WORKING DATA:

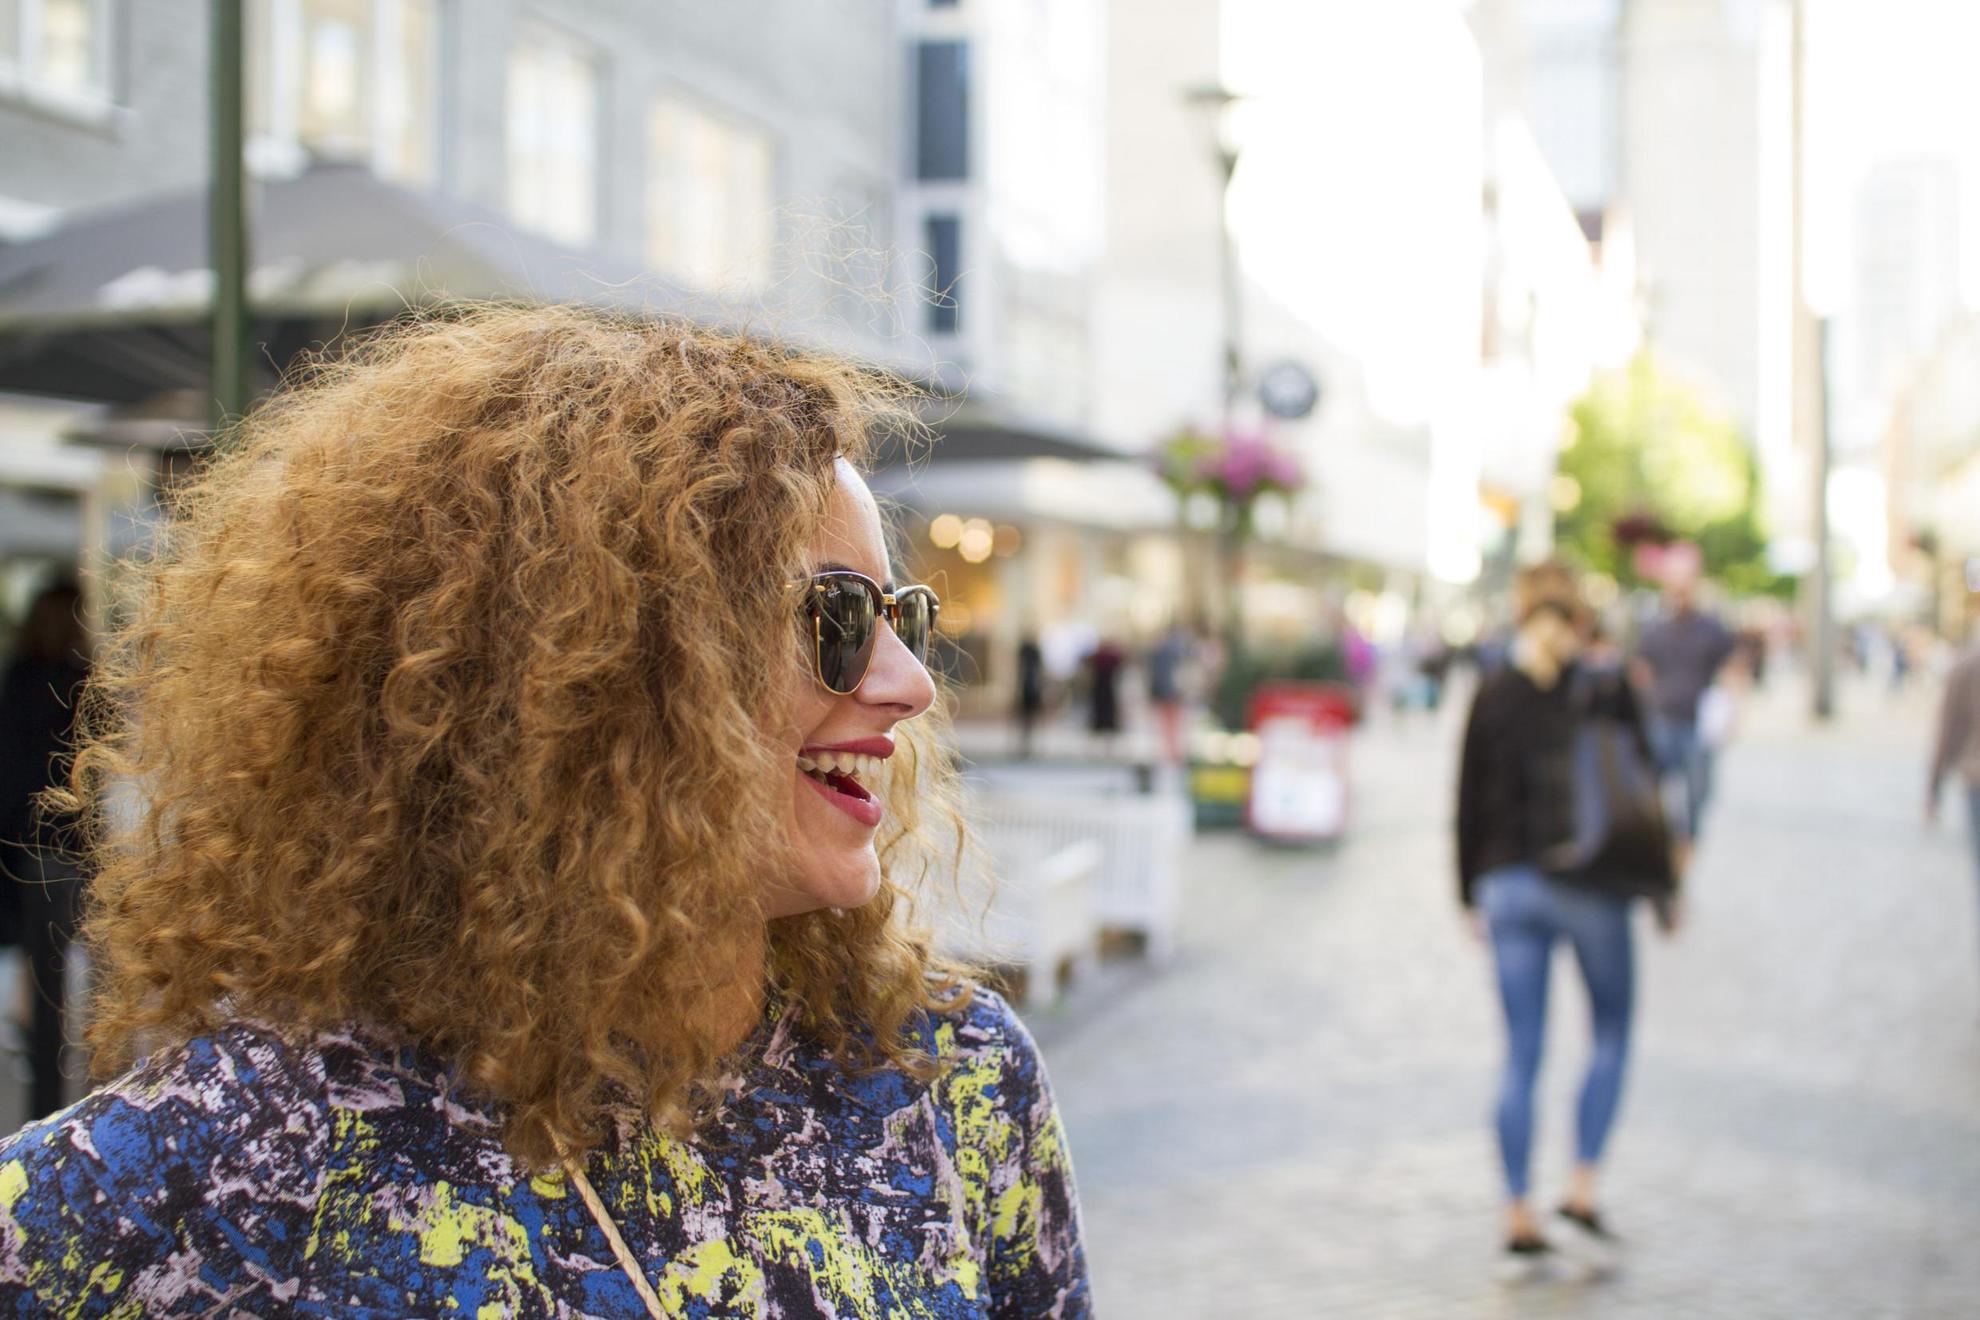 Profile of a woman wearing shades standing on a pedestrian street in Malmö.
==
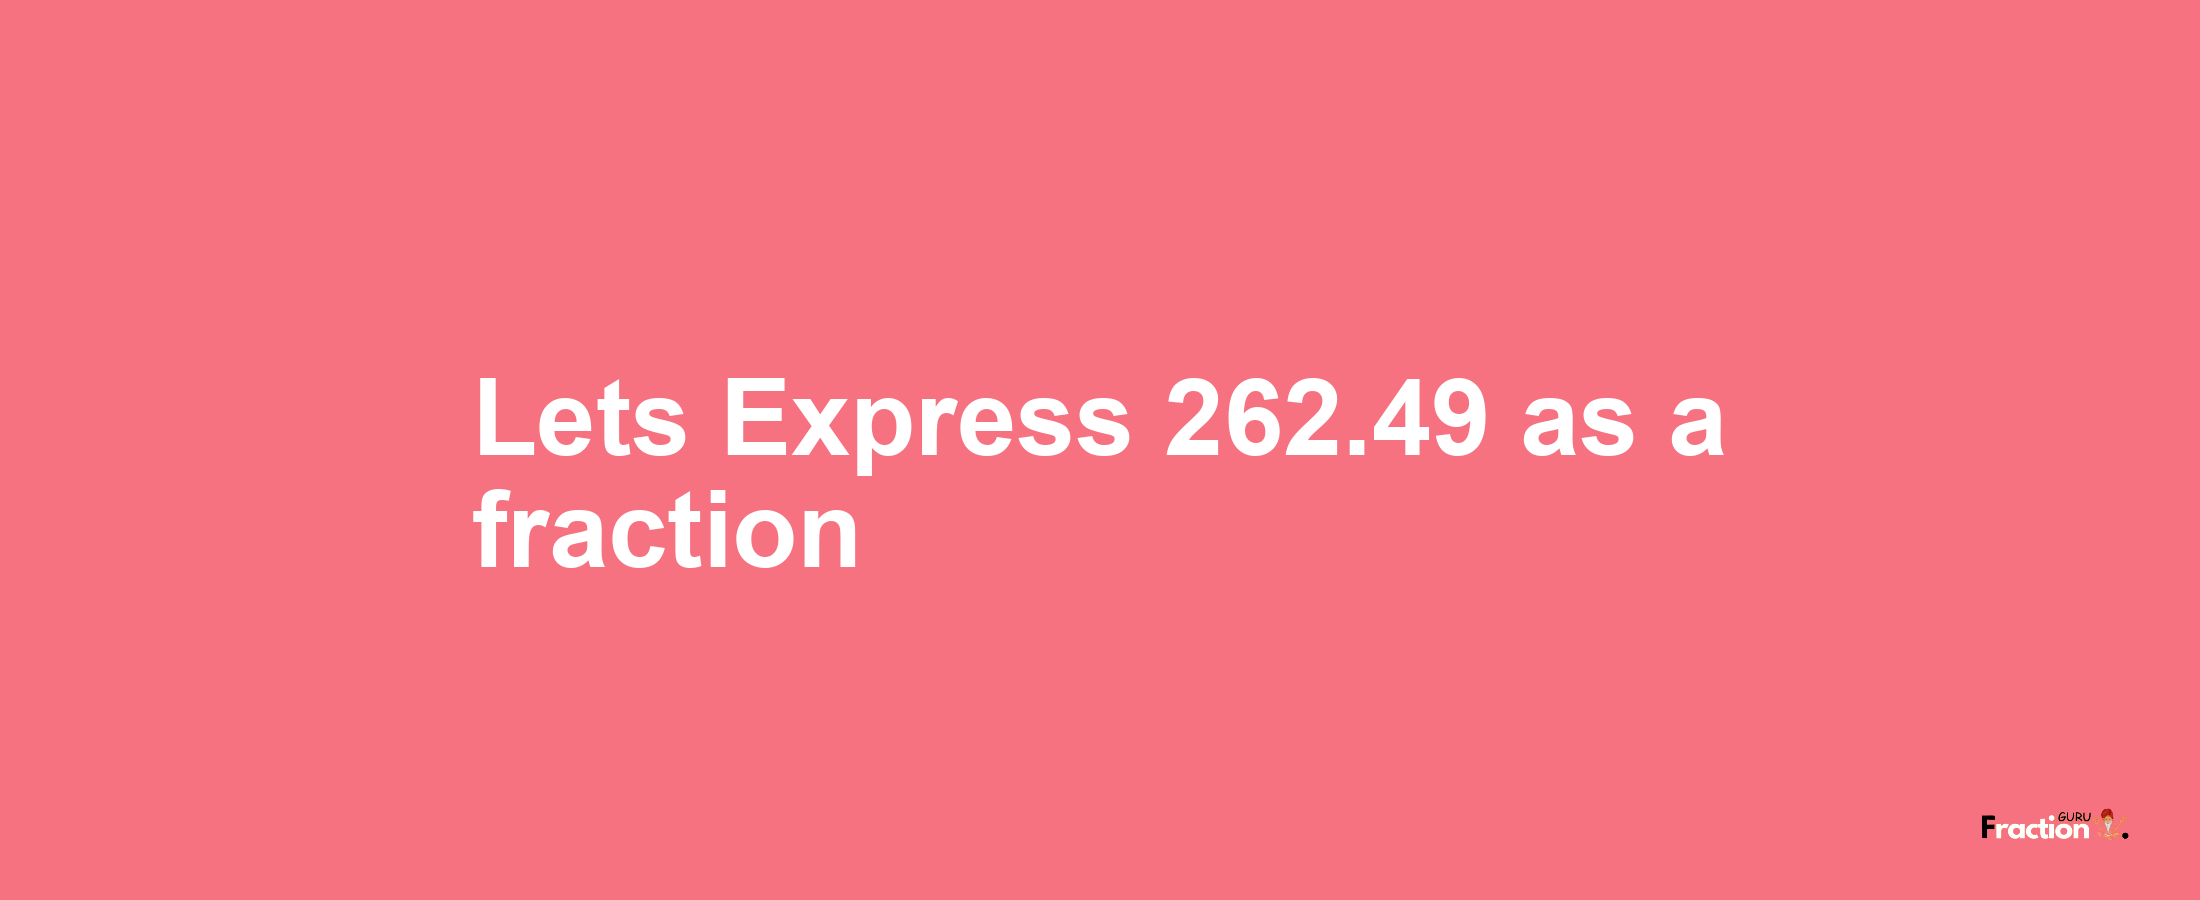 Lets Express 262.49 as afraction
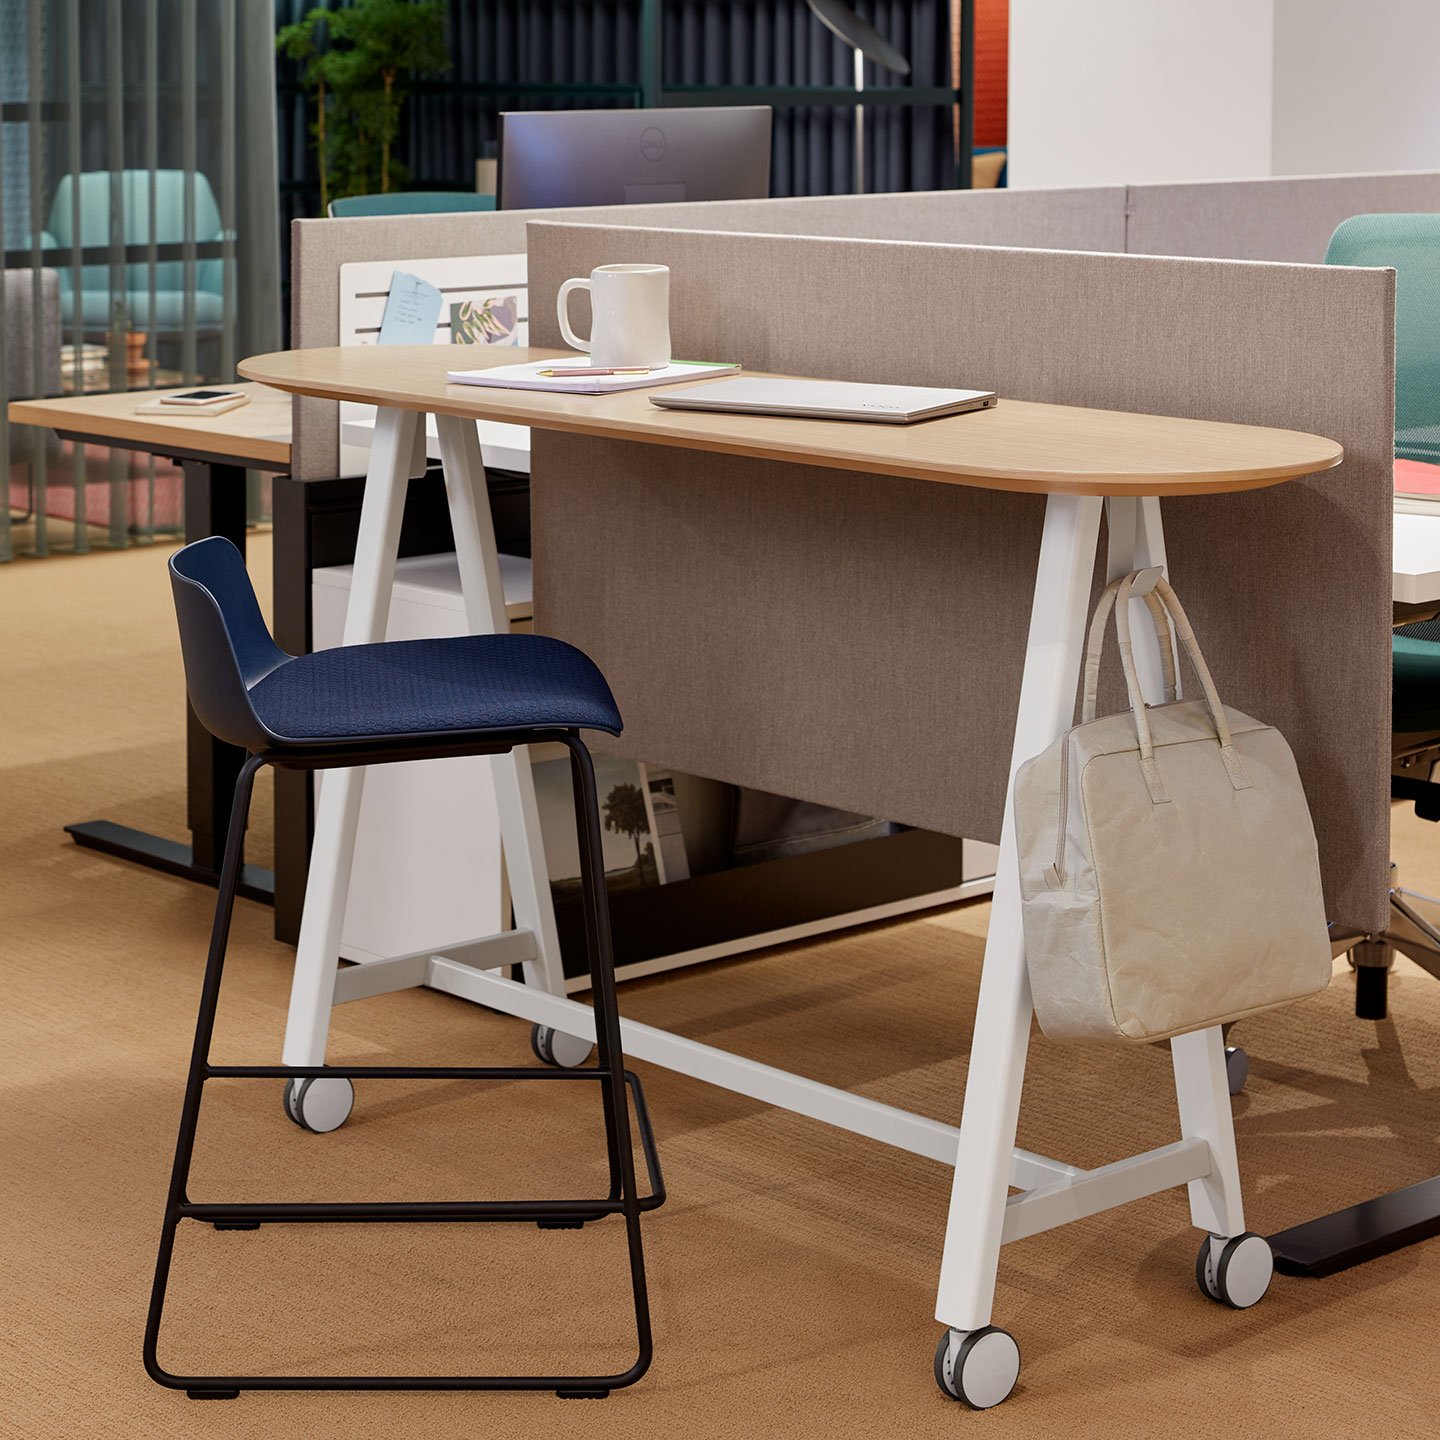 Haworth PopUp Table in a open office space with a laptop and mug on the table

WHAT NEEDS TO BE DONE:
Each line above from the one containing "Lets Express 262.49 as afraction" through the one containing "Haworth PopUp Table" is to be returned verbatim. Nothing else, and no pictures.

FINISHED EXERCISE:
 Lets Express 262.49 as afraction
 Haworth PopUp Table in a open office space with a laptop and mug on the table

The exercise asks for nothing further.